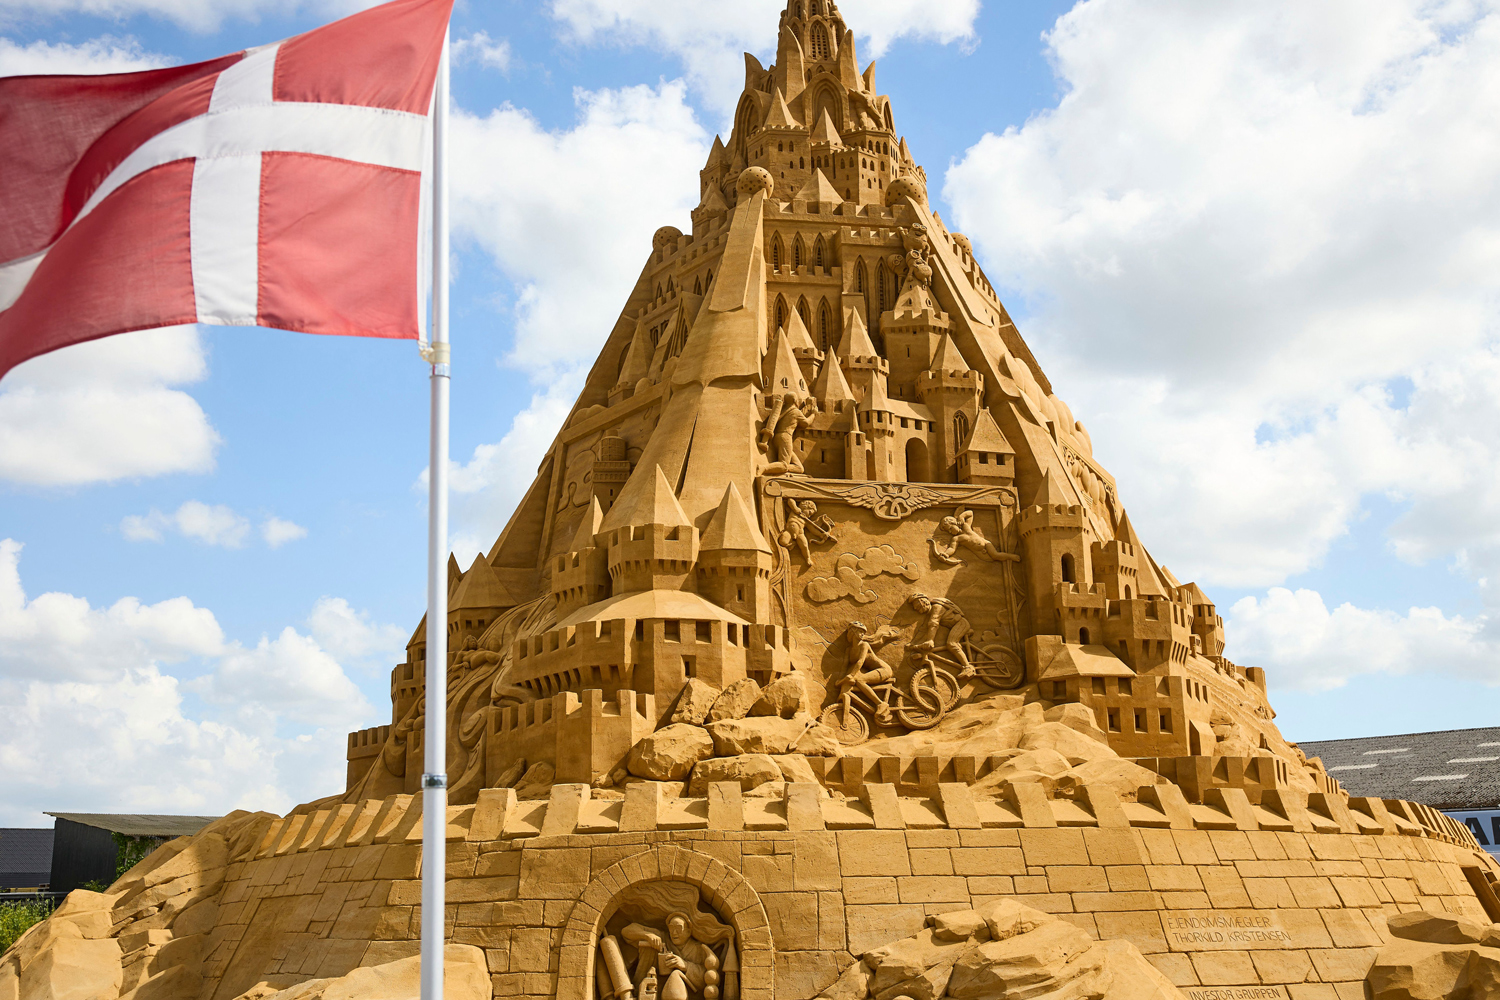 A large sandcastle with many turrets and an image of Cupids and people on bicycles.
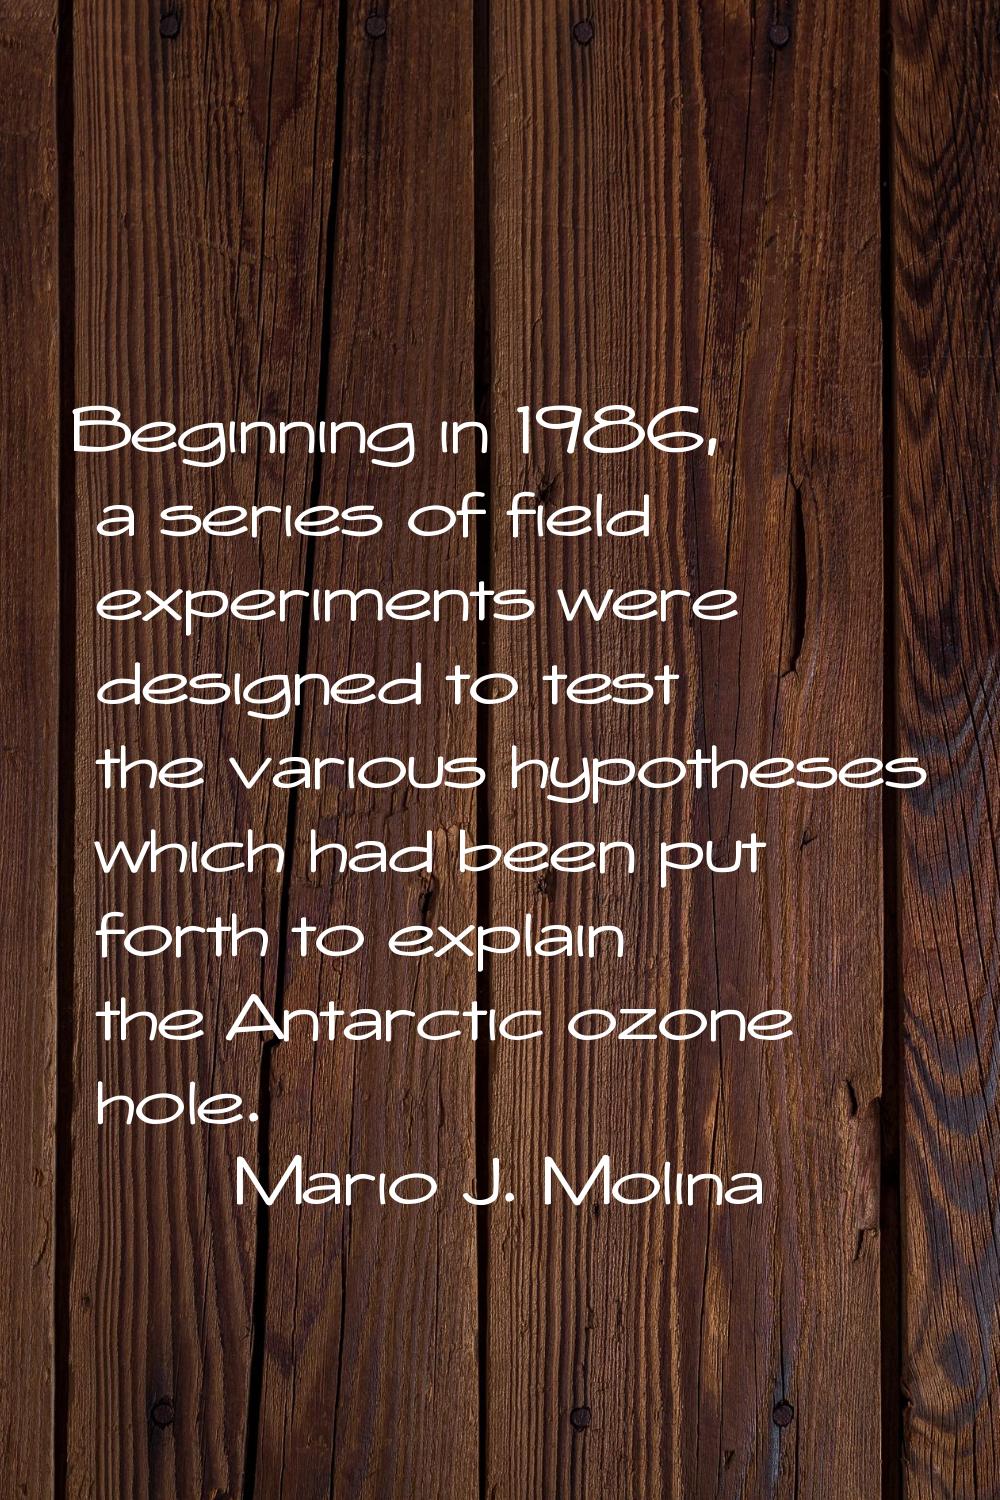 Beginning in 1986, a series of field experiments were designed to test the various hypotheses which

==

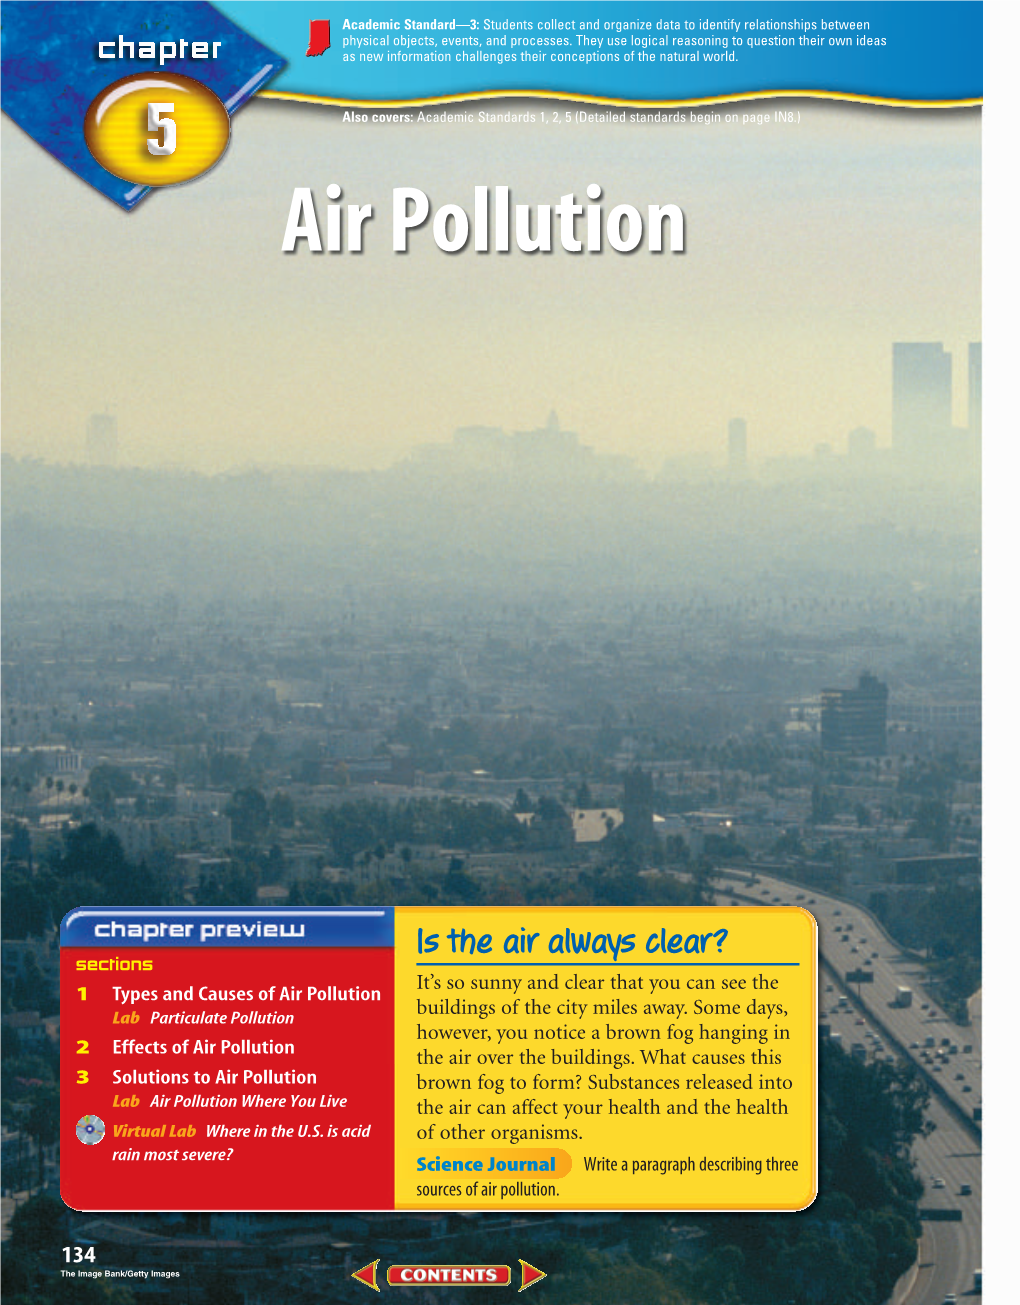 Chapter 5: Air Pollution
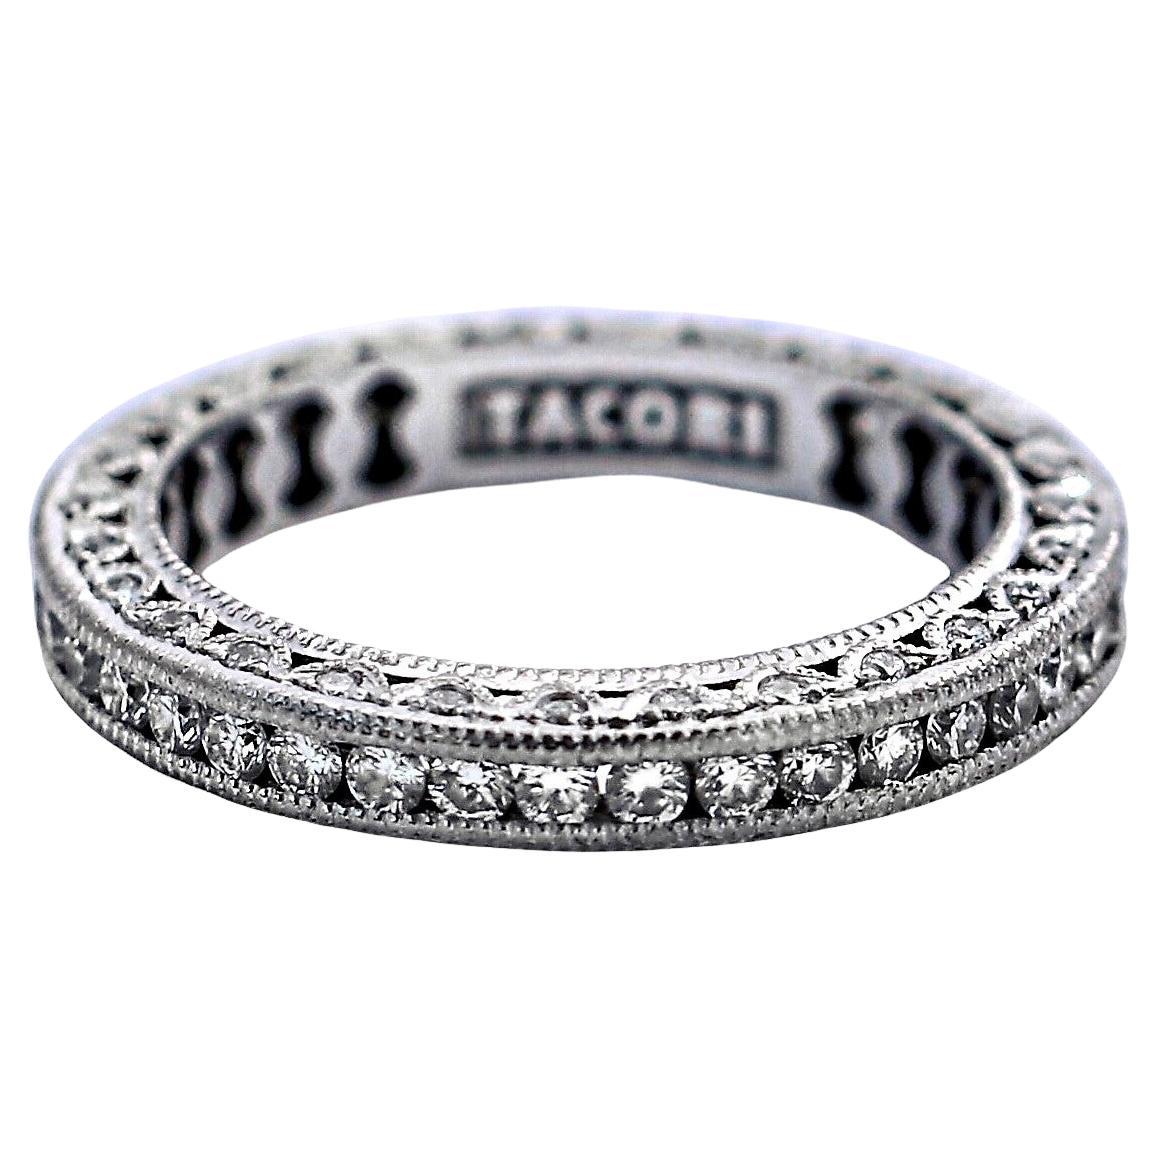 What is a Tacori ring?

Task: Everything from the line above that contains "A large sandcastle" down to the line that contains "Beginning in 1986, a" must be reproduced exactly, both ends included. Omit the pictures.

Response to this exercise:
 A large sandcastle with many turrets and an image of Cupids and people on bicycles.
 Beginning in 1986, a series of field experiments were designed to test the various hypotheses which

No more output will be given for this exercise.